Uhh, no. Does that make me a bad person? Is that like not tipping your server? Crap. Thanks for the guilt, buddy.
21. Do you report the money you earn from your blog on your taxes?
My what from my where? How the hell did I miss out on this “getting paid to blog” deal??!! I want in on that . Anyone? Anyone?
22. Is blogging narcissistic?
Nope. It just all about me.
I write because I love to write. If you read, I so love that. If you don’t, well, I write because I love to write. (The instant feedback–good or bad–helps me get a sense of what people like, though.)
23. Do you feel guilty when you don’t post for a long time?
Not really. Okay, sometimes. Yes. So what? Not because I think anyone at all is out there missing it,but because I promised myself I would write everyday to make it a habit while I am writing my book. So, guilt…yes. But not for the reasons you may be asking.

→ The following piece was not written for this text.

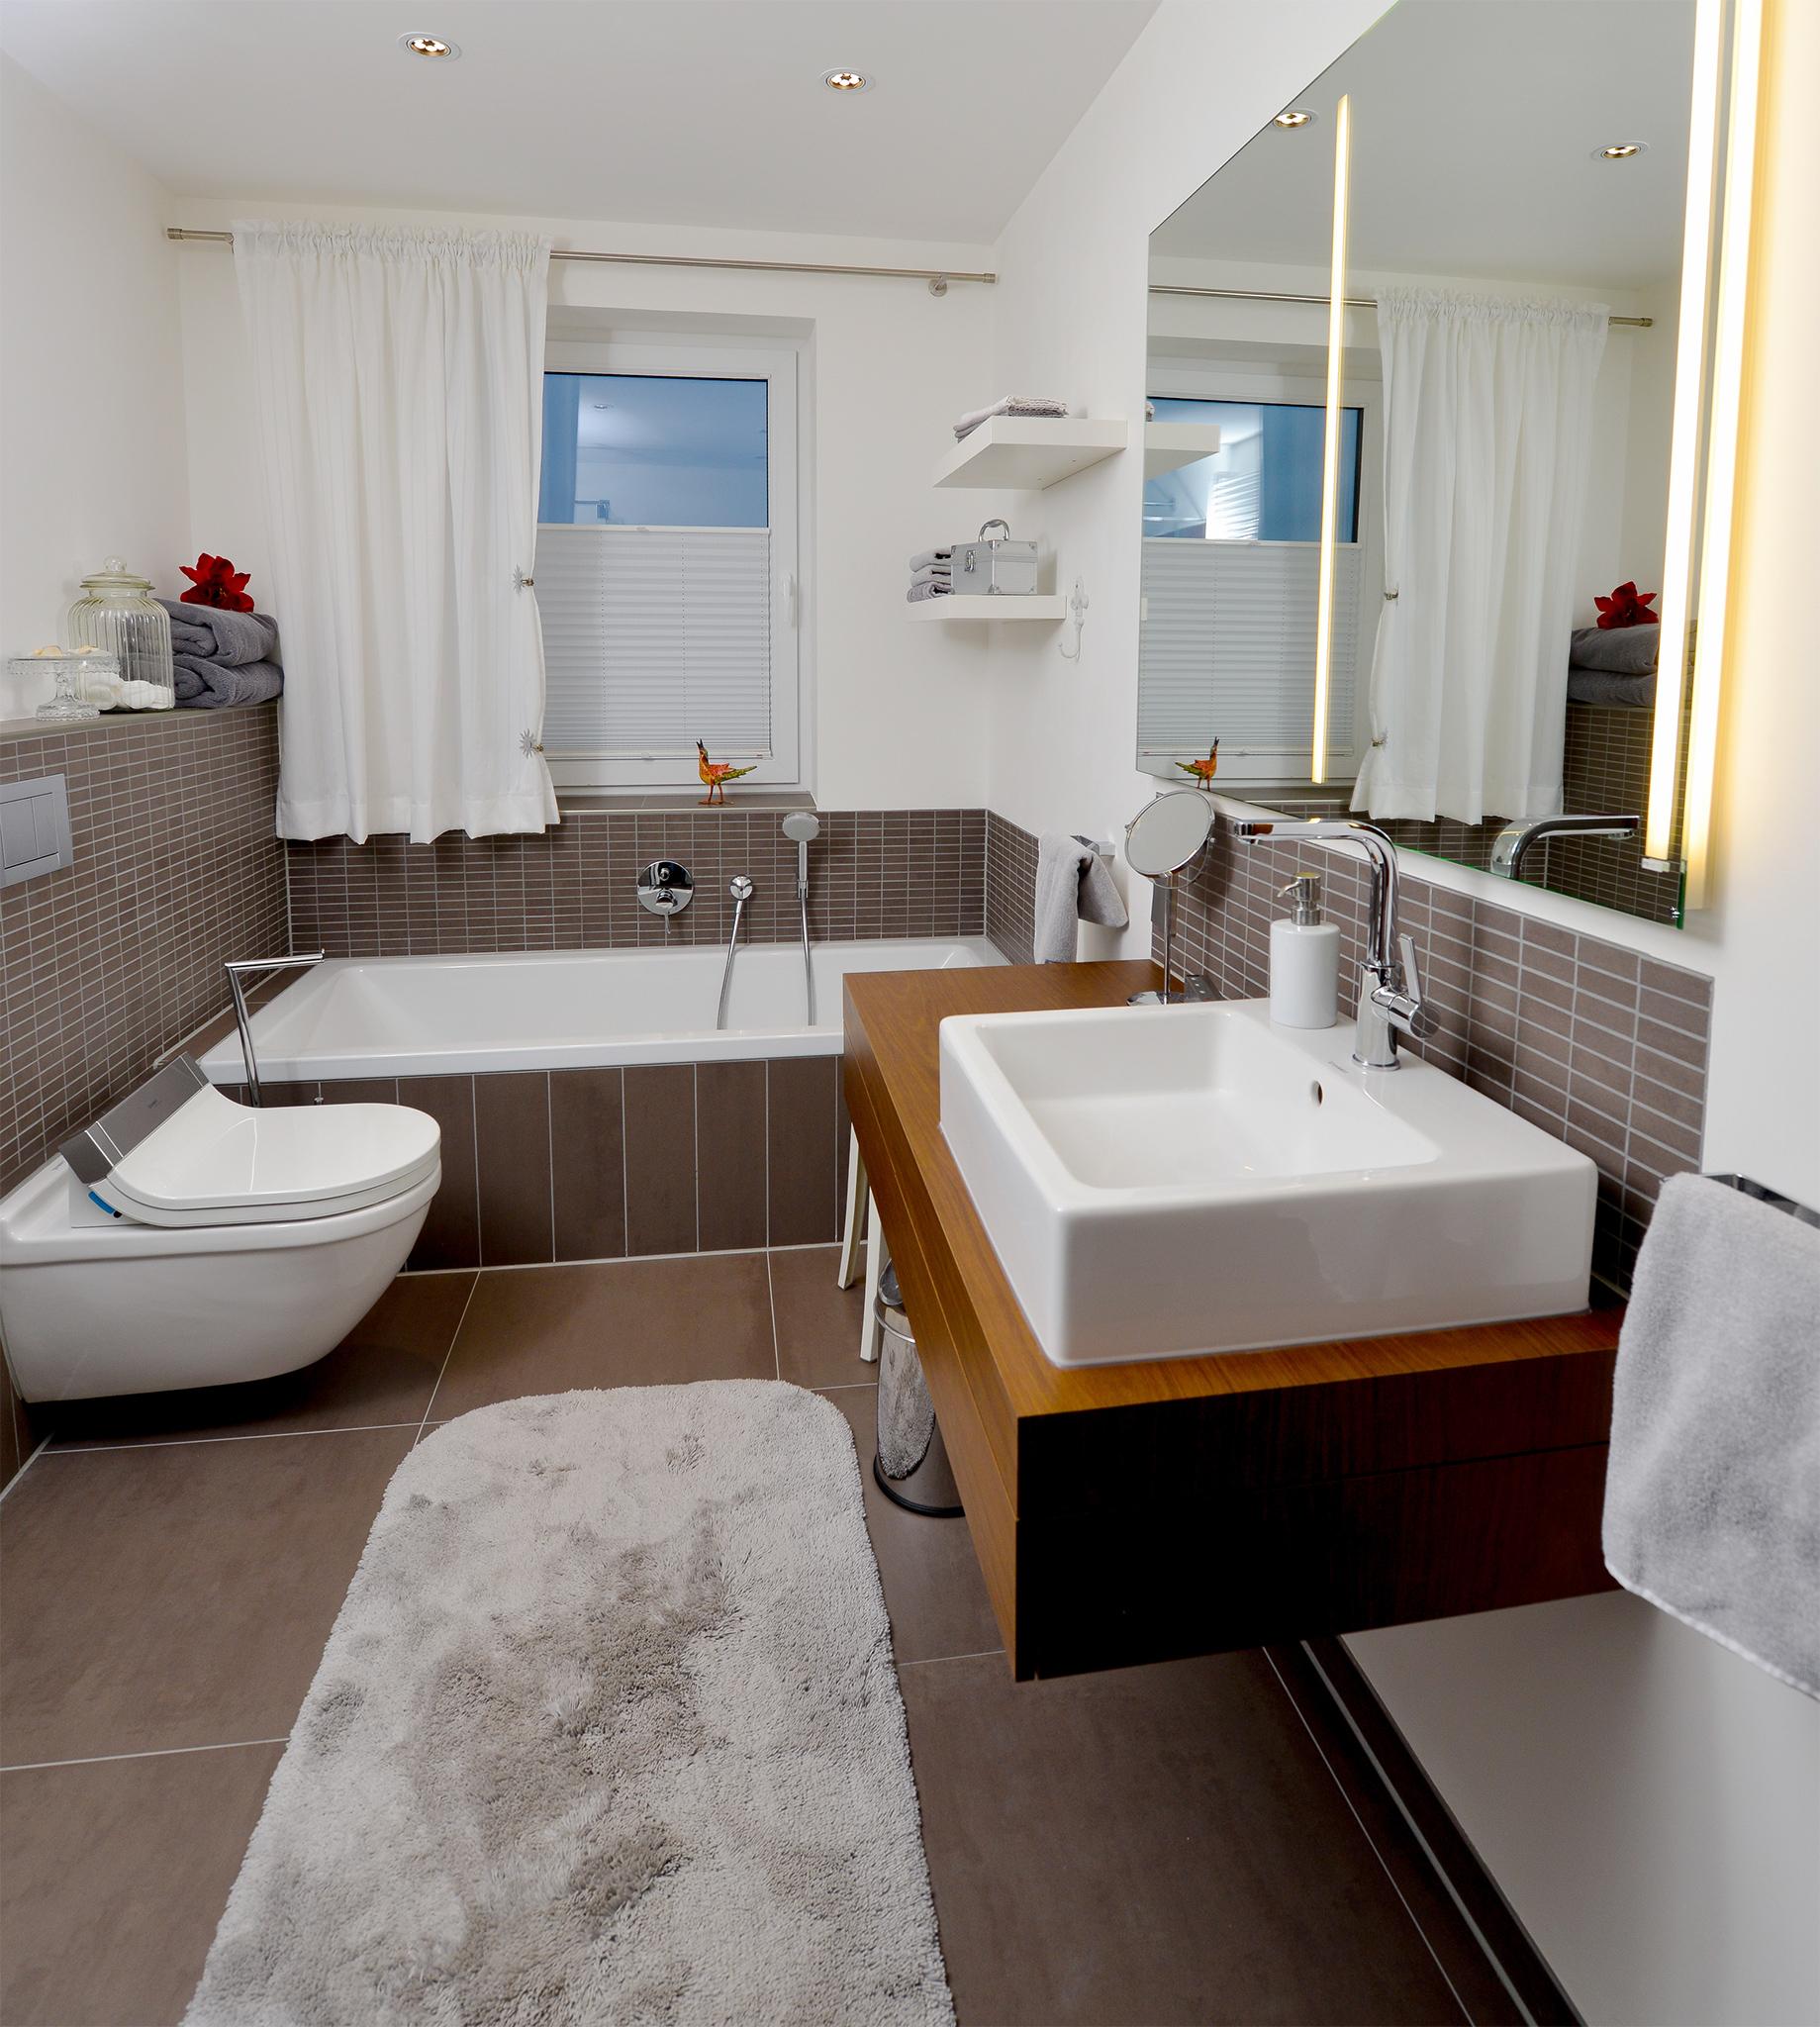 Das wohnliche Komplettbad lässt keine Wünsche offen #badewanne #badezimmer #grauefliesen ©HEIMWOHL GmbH

24. Do you like John Mayer?
Is he related to Oscar Meyer? Because he is a real weinee!
25. Do you have enemies?
Well, it depends on whether or not you are counting the National and local PTA’s. If not, not any that I know of. If so, don’t tell me. It’ll make me cry. Or piss me off. Neither is pretty.
26. Are you lonely?
In a house with 3 kids on summer break? HAHAHAHAHAH HEHEHEHE HAHAHAHAHA Oh.My.God. That is hysterical. Lonely? I long for lonely.
27. Why bother?
Because it is there and because I can.